The daemon spins up three categories of threads:

Thread	Purpose
Main loop	Periodic directory scan every scan_interval_seconds
Refresh timer (inline)	Restarts the rclone mount service every rclone_refresh_interval_seconds
Worker pool (N)	N = max_concurrent_downloads threads consuming the download queue

The main loop runs at 1-second resolution, checking whether it’s time to scan or refresh.

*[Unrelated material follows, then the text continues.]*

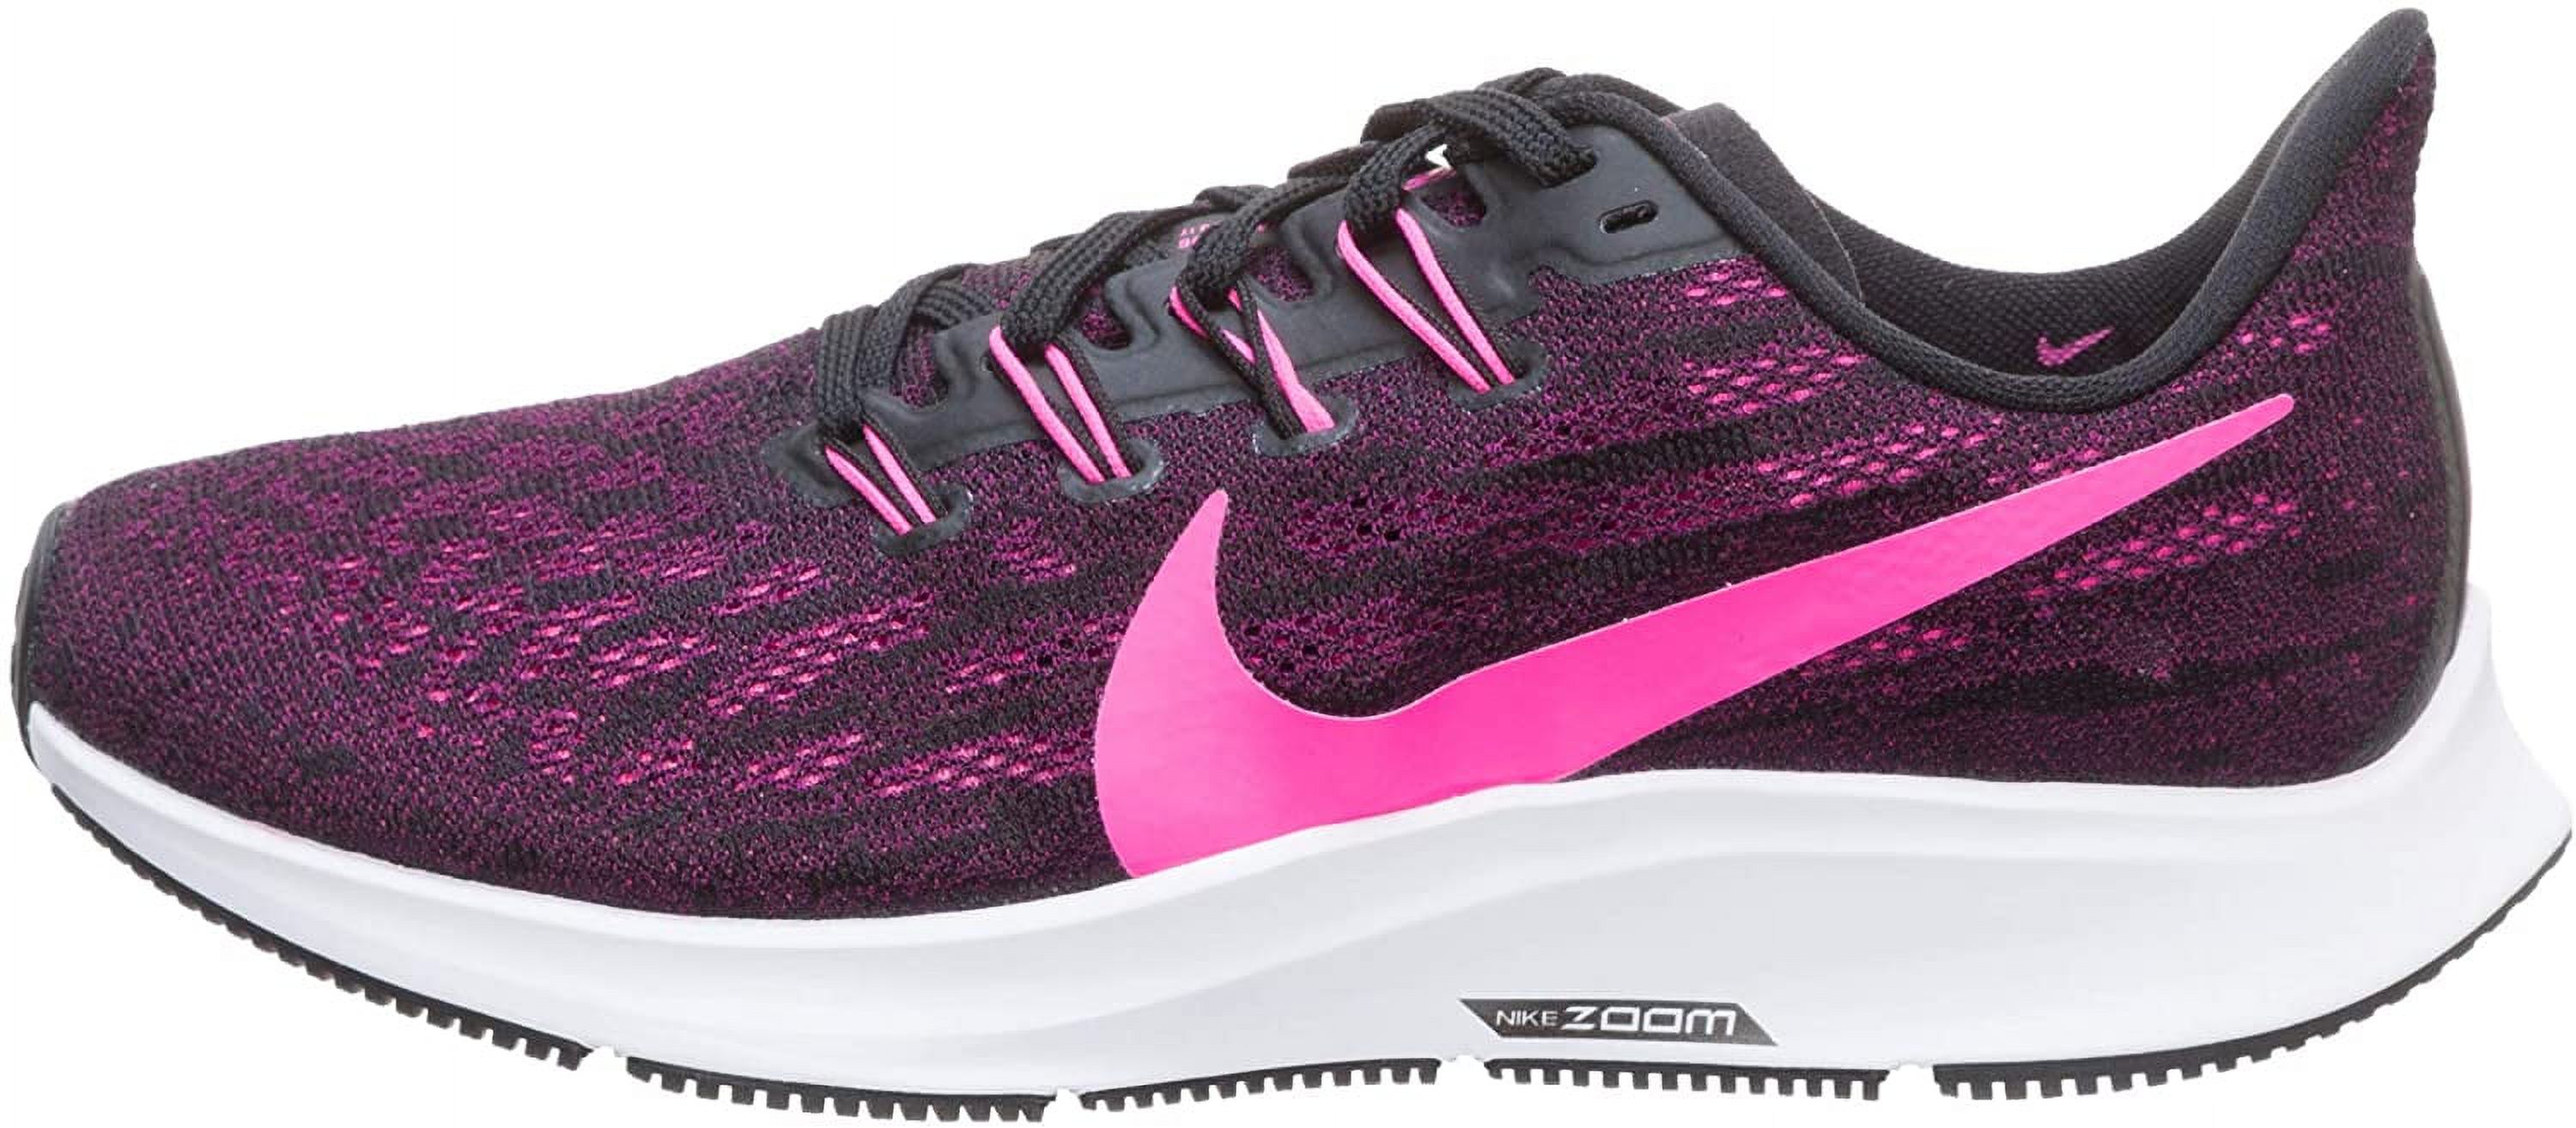 Nike Women's Air Zoom Pegasus 36 Running Shoe, Black/Pink/Berry, 8.5 B(M) US - image 5 of 7

Both actions are gated on a pause_event that gets set during mount refresh to prevent scans from running against a stale or offline FUSE mount.

File State Machine

Every discovered file lives in one of five states:

(first seen at startup) → baseline      ← skipped entirely, no download
(newly appeared later)  → pending
pending → success       → synced
pending → failure       → failed
failed  → retries hit   → permanent_failed

The baseline state is the key design choice. On first startup, the daemon snapshots whatever is already on the mount and marks all of it baseline. Only files that appear after that snapshot are ever downloaded. This prevents the daemon from backfilling terabytes of existing content on day one.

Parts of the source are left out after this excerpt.